Instructions to follow :: Copy the following data exactly and drop the pictures.

Dataset section ::
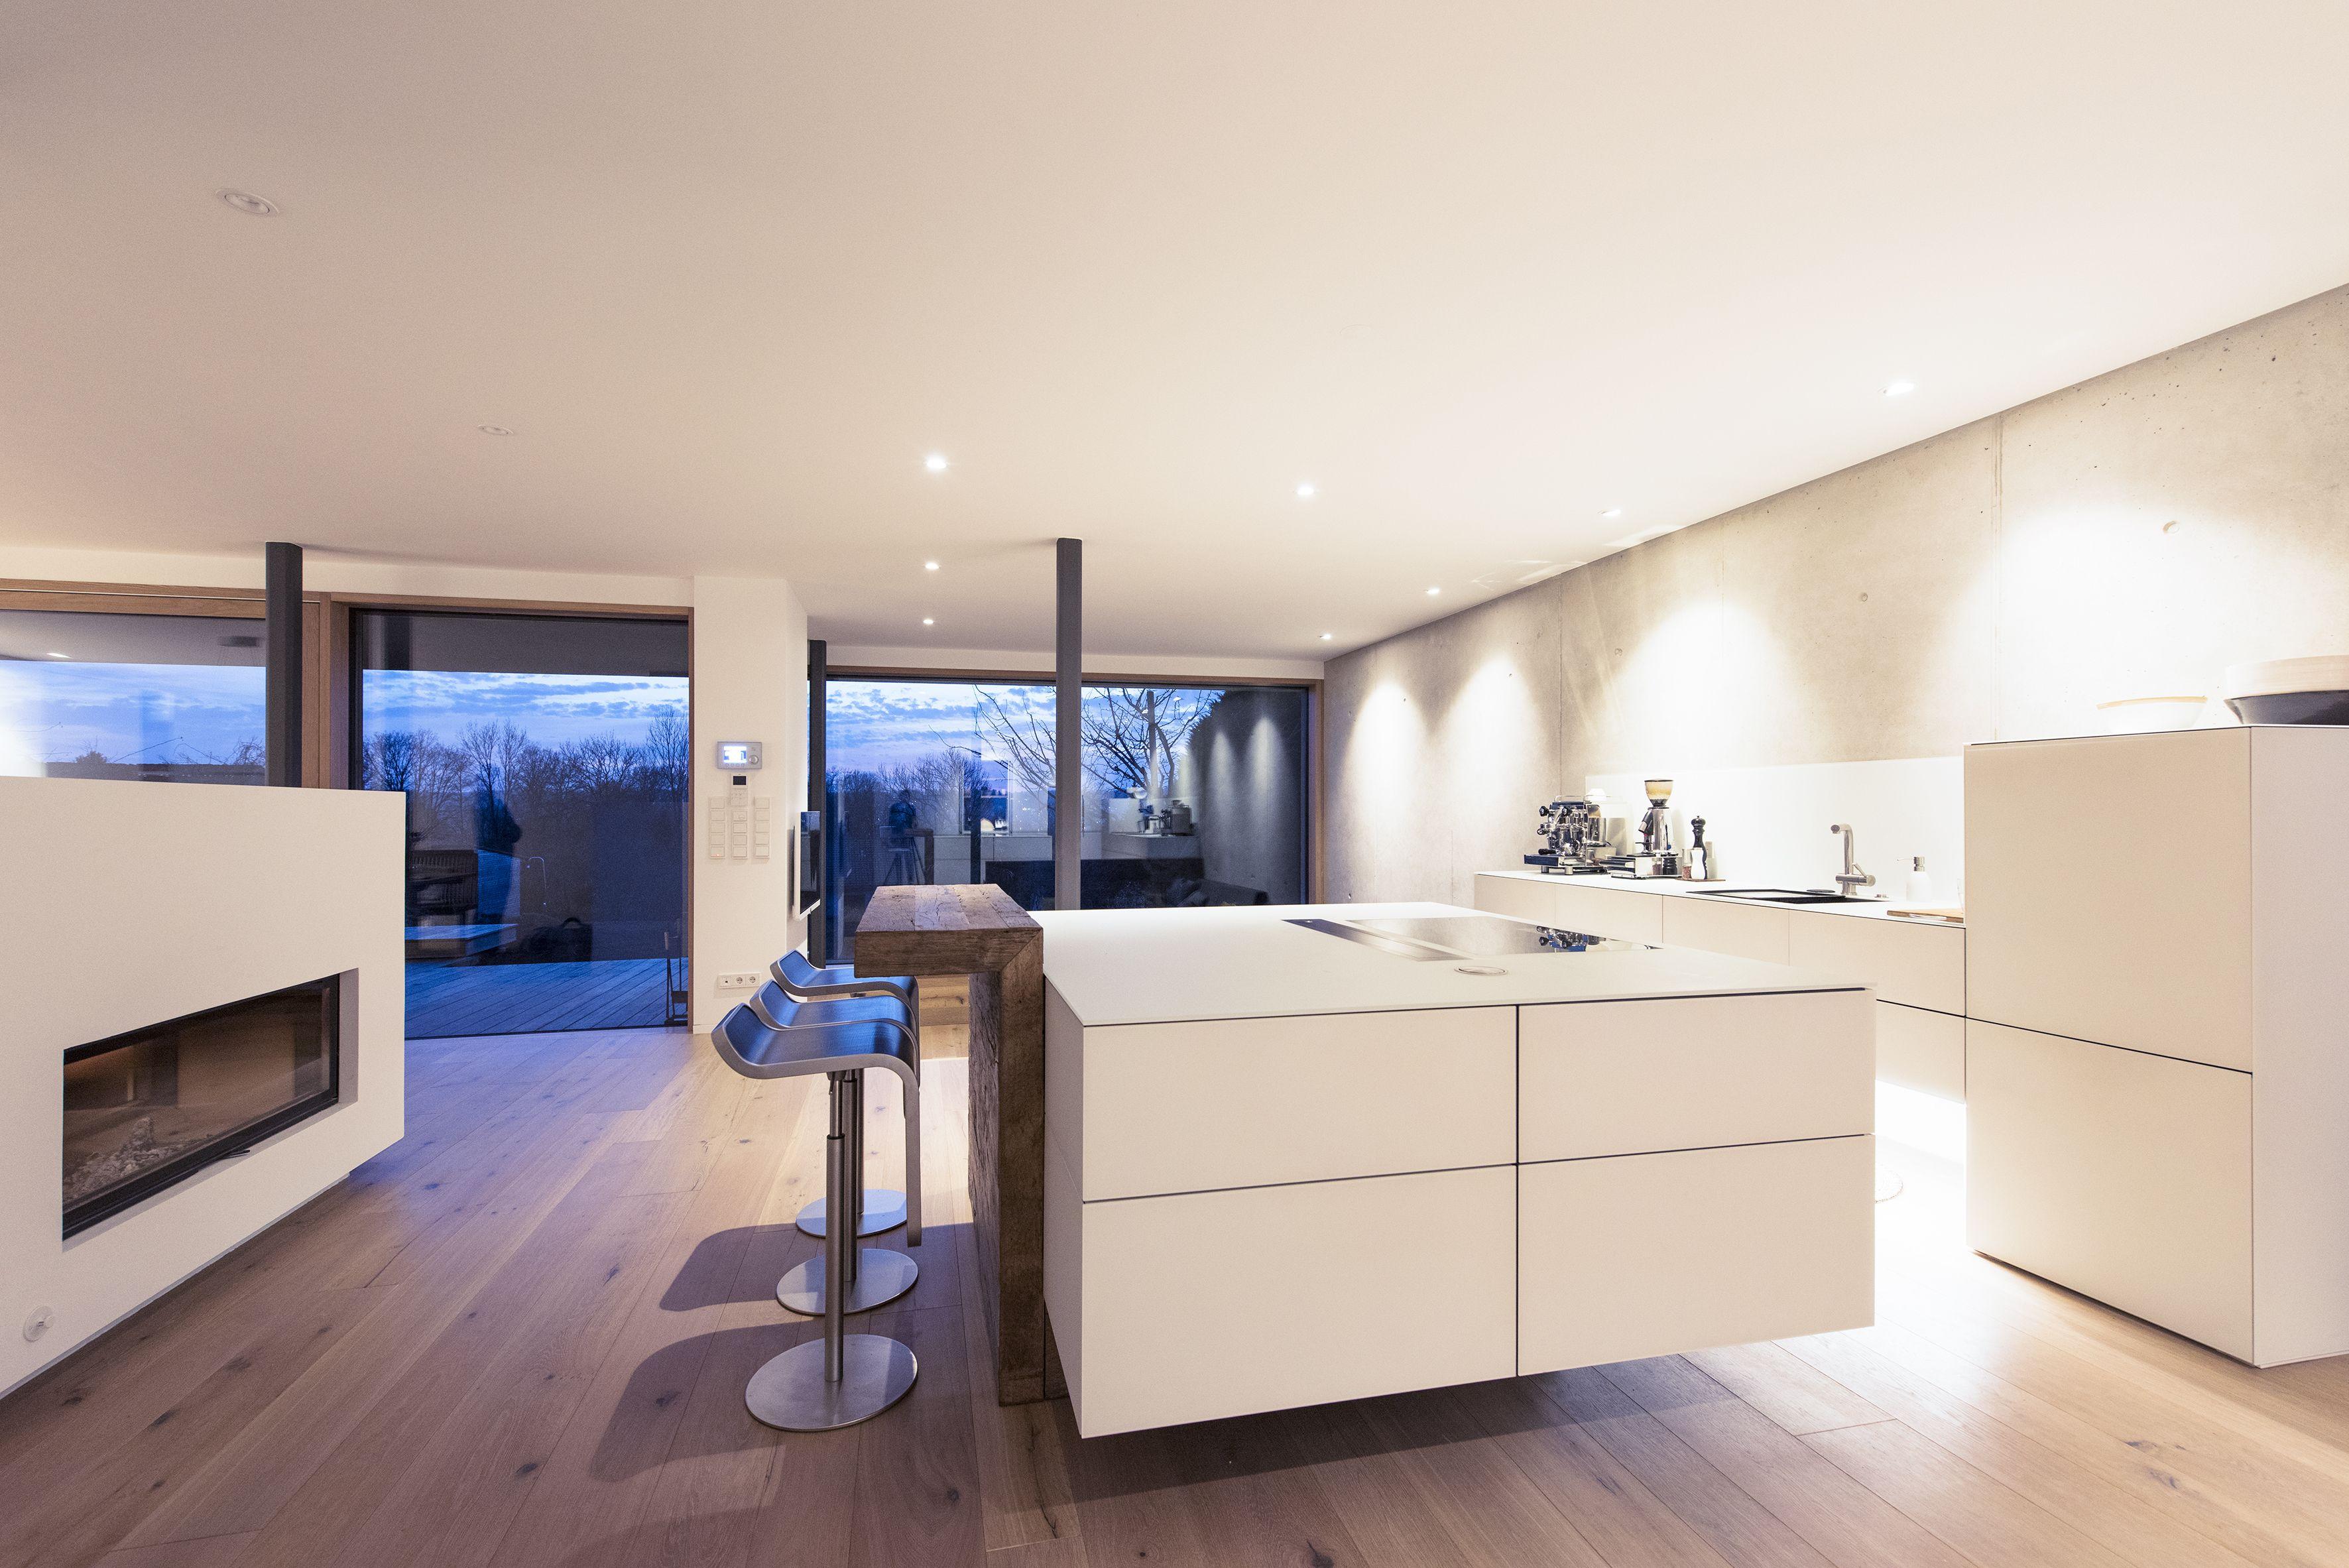 Penthouse Wohnung in München mit tollem Design | Immobilien ab 1 Mio ...
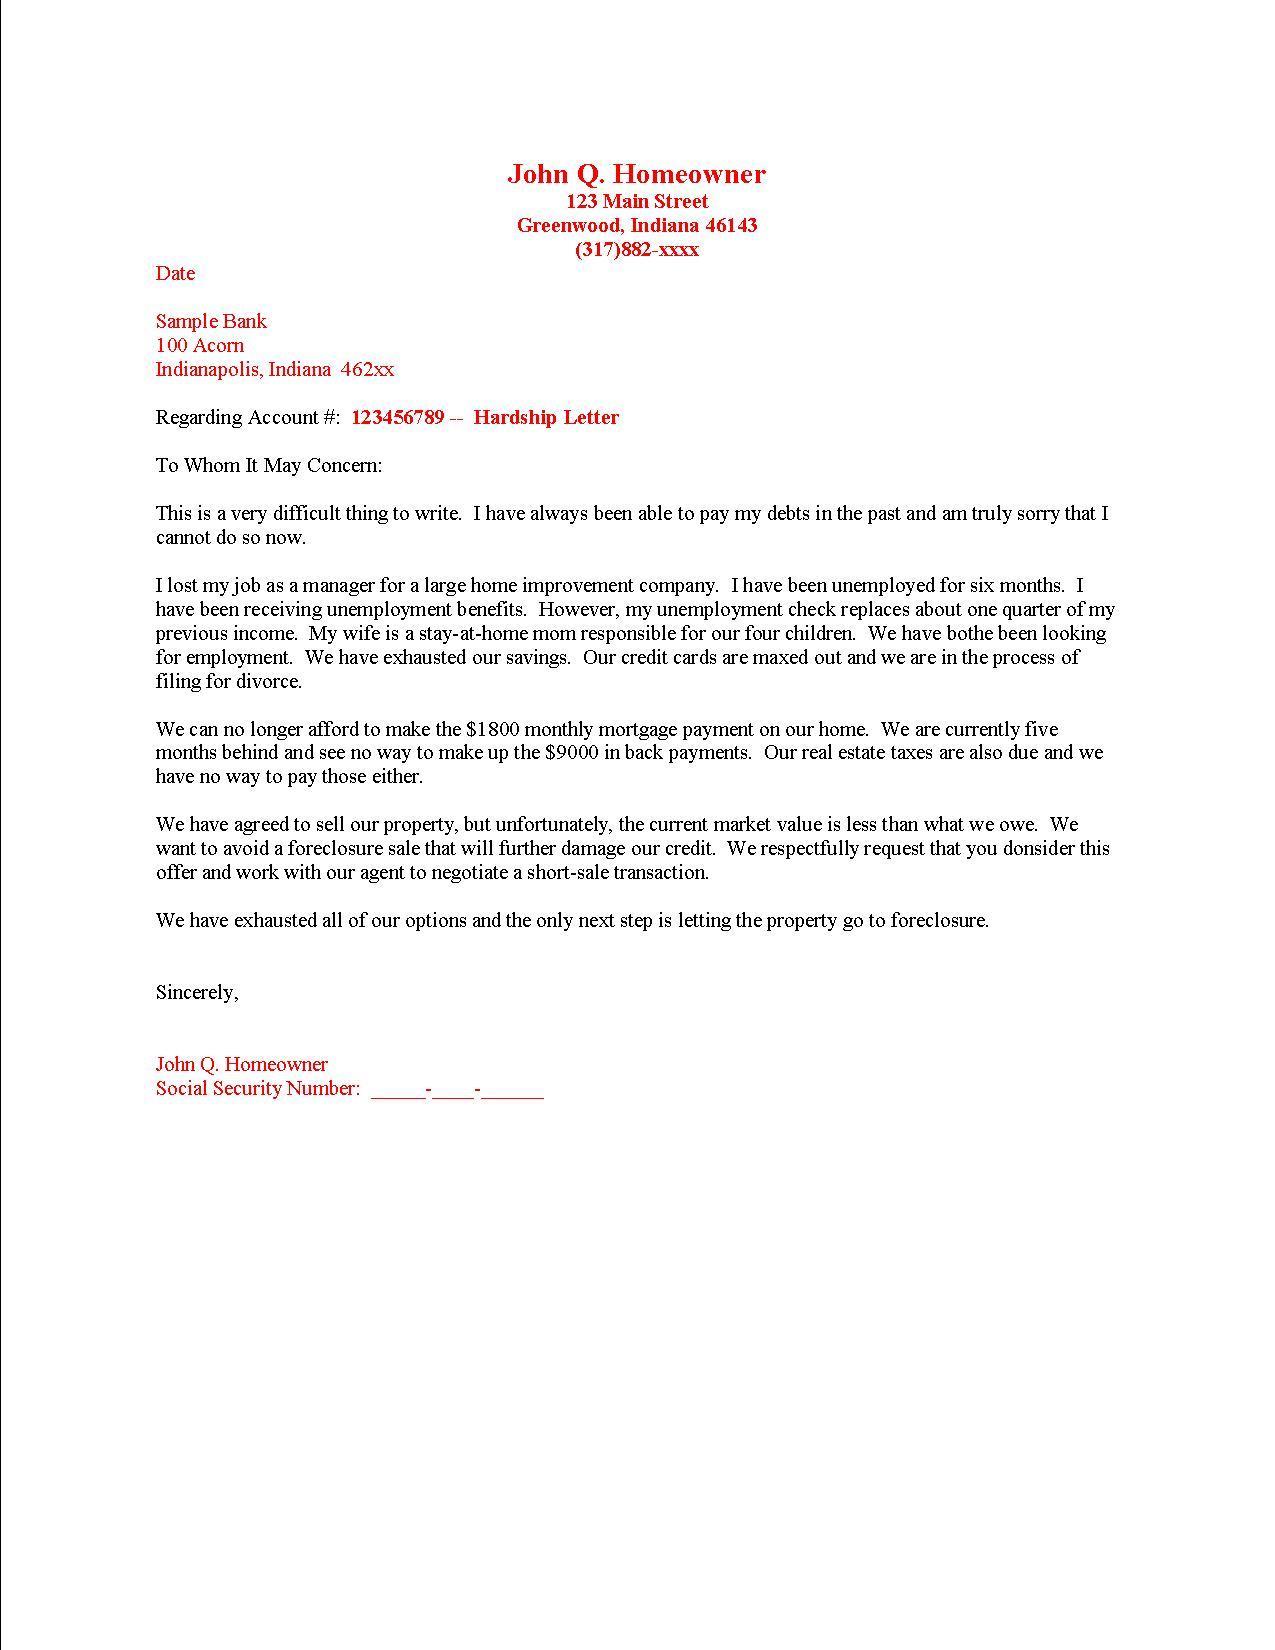 Sample Letter Explaining Financial Hardship
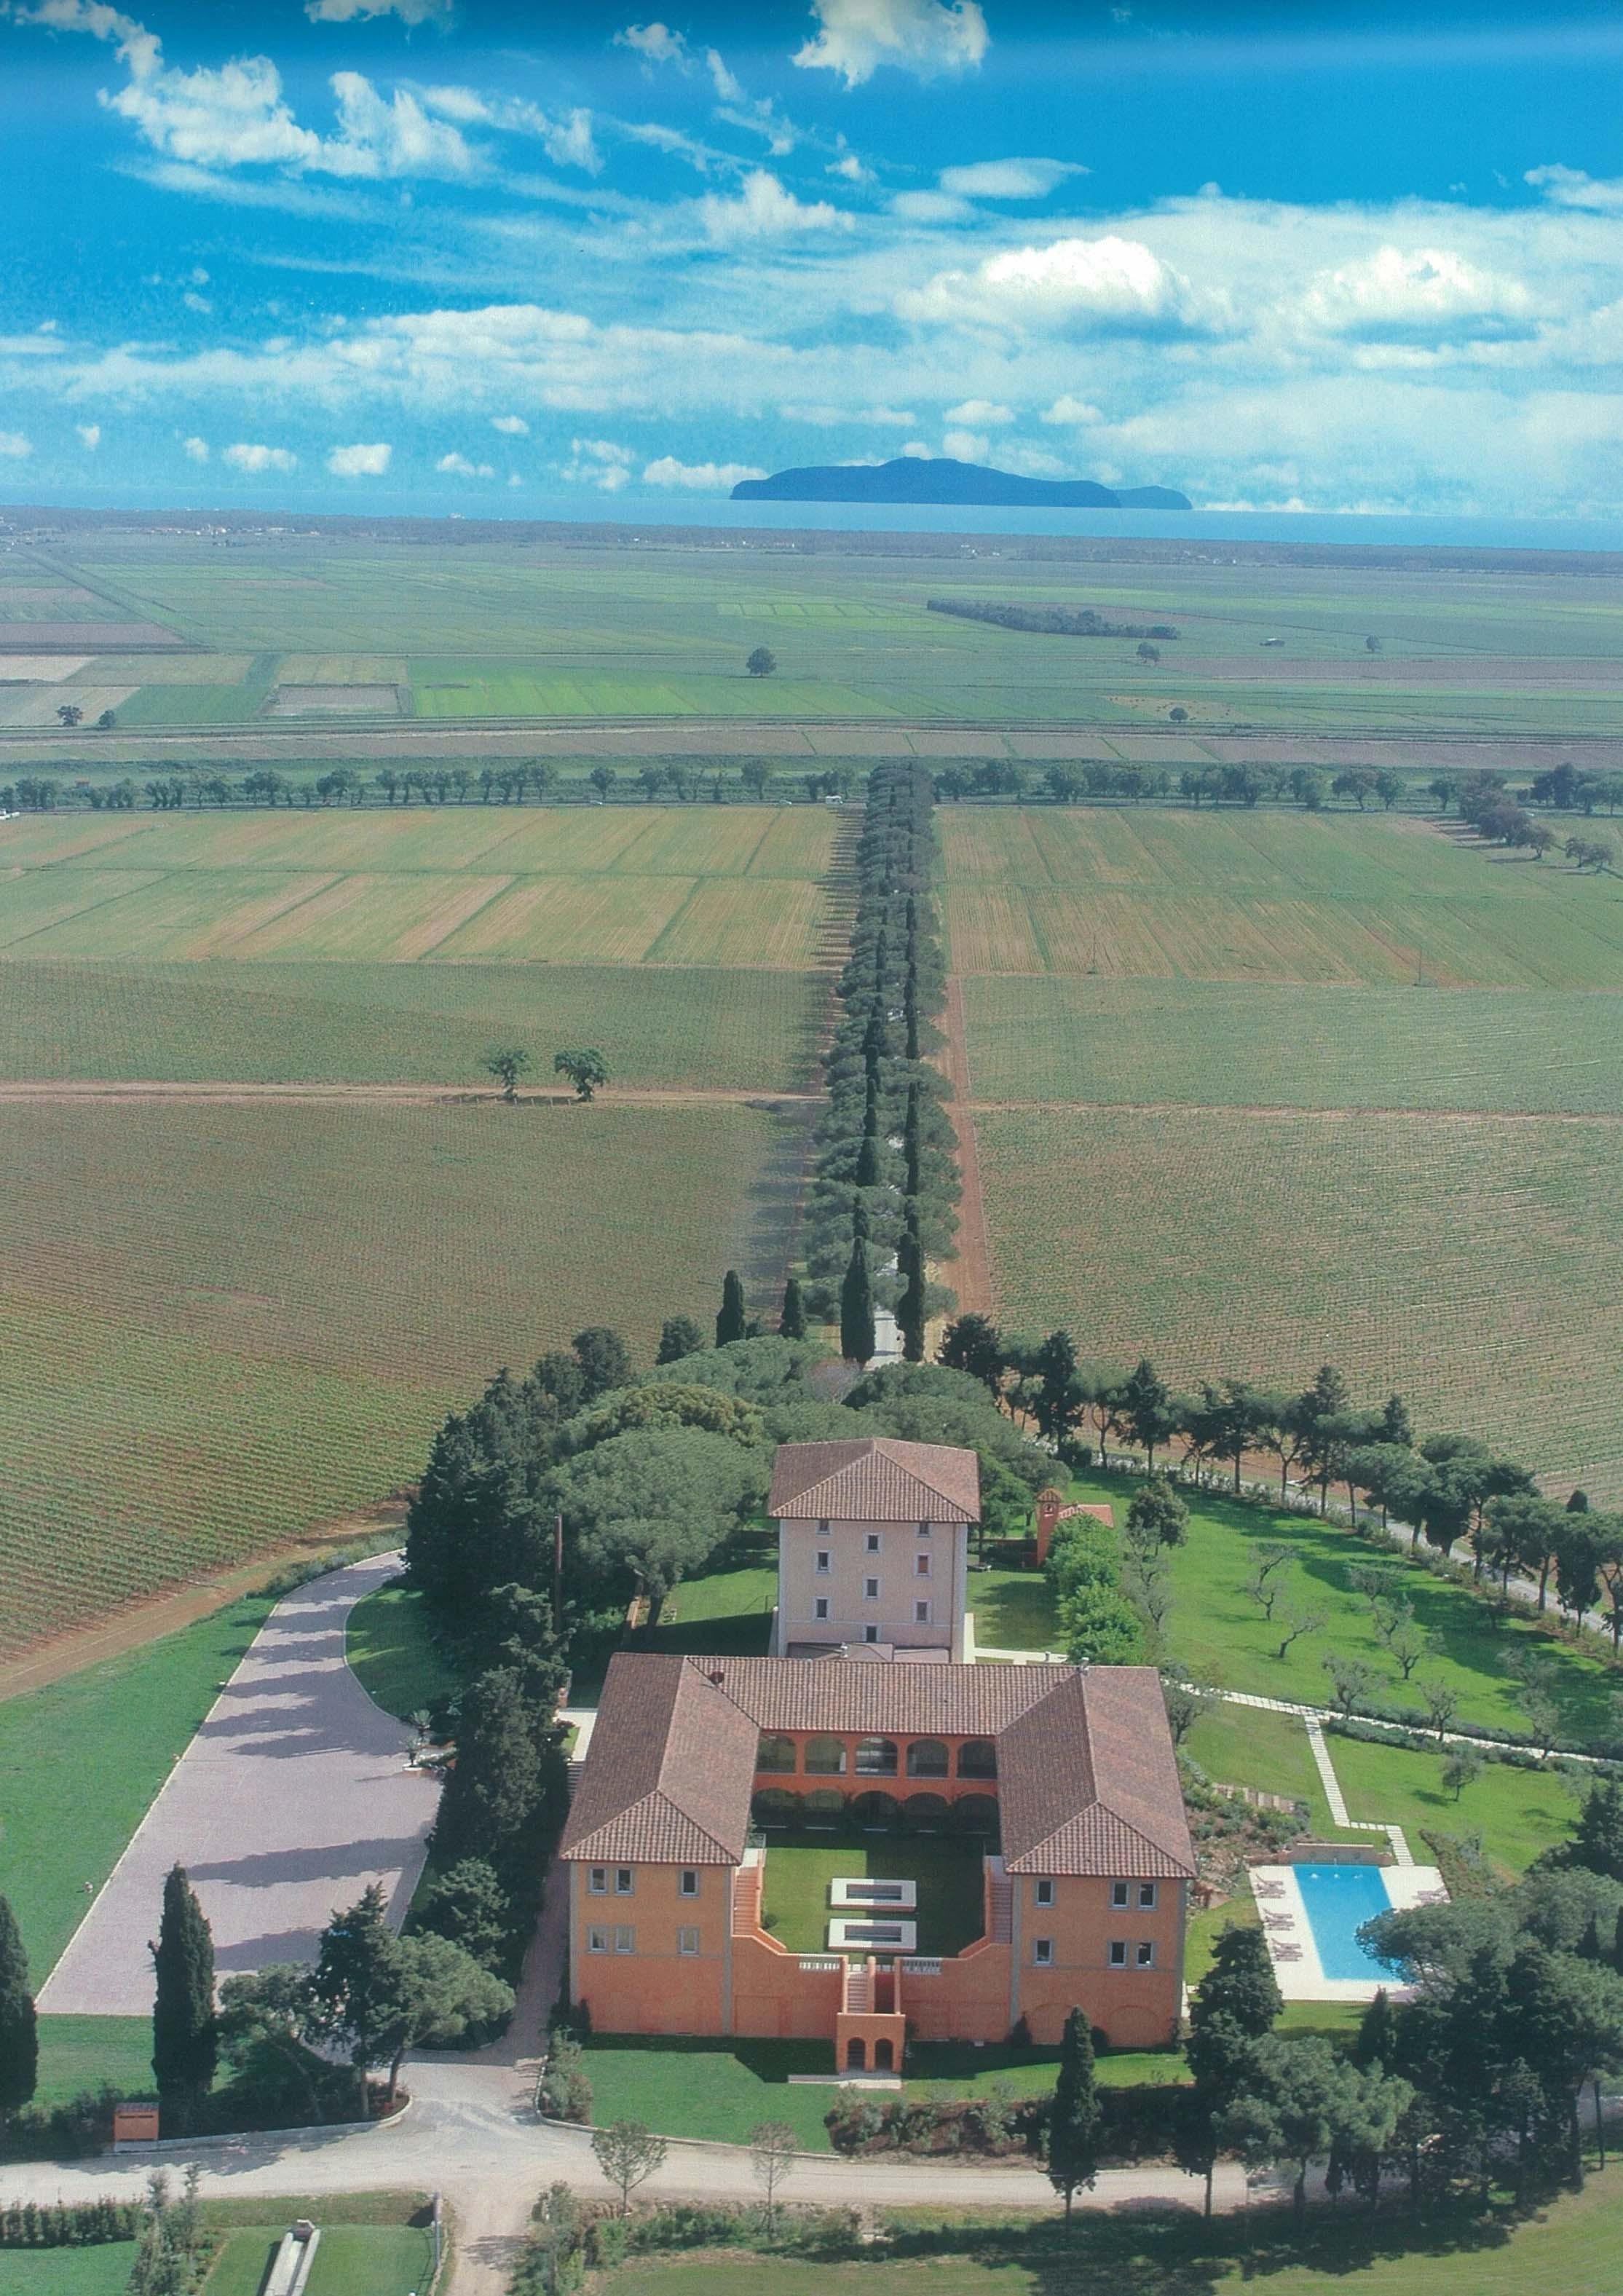 L'Andana, La Badiola Property - Castiglione della Pescaia - هتل ها

Reply to the task ::
 Penthouse Wohnung in München mit tollem Design | Immobilien ab 1 Mio ...
 Sample Letter Explaining Financial Hardship
 L'Andana, La Badiola Property - Castiglione della Pescaia - هتل ها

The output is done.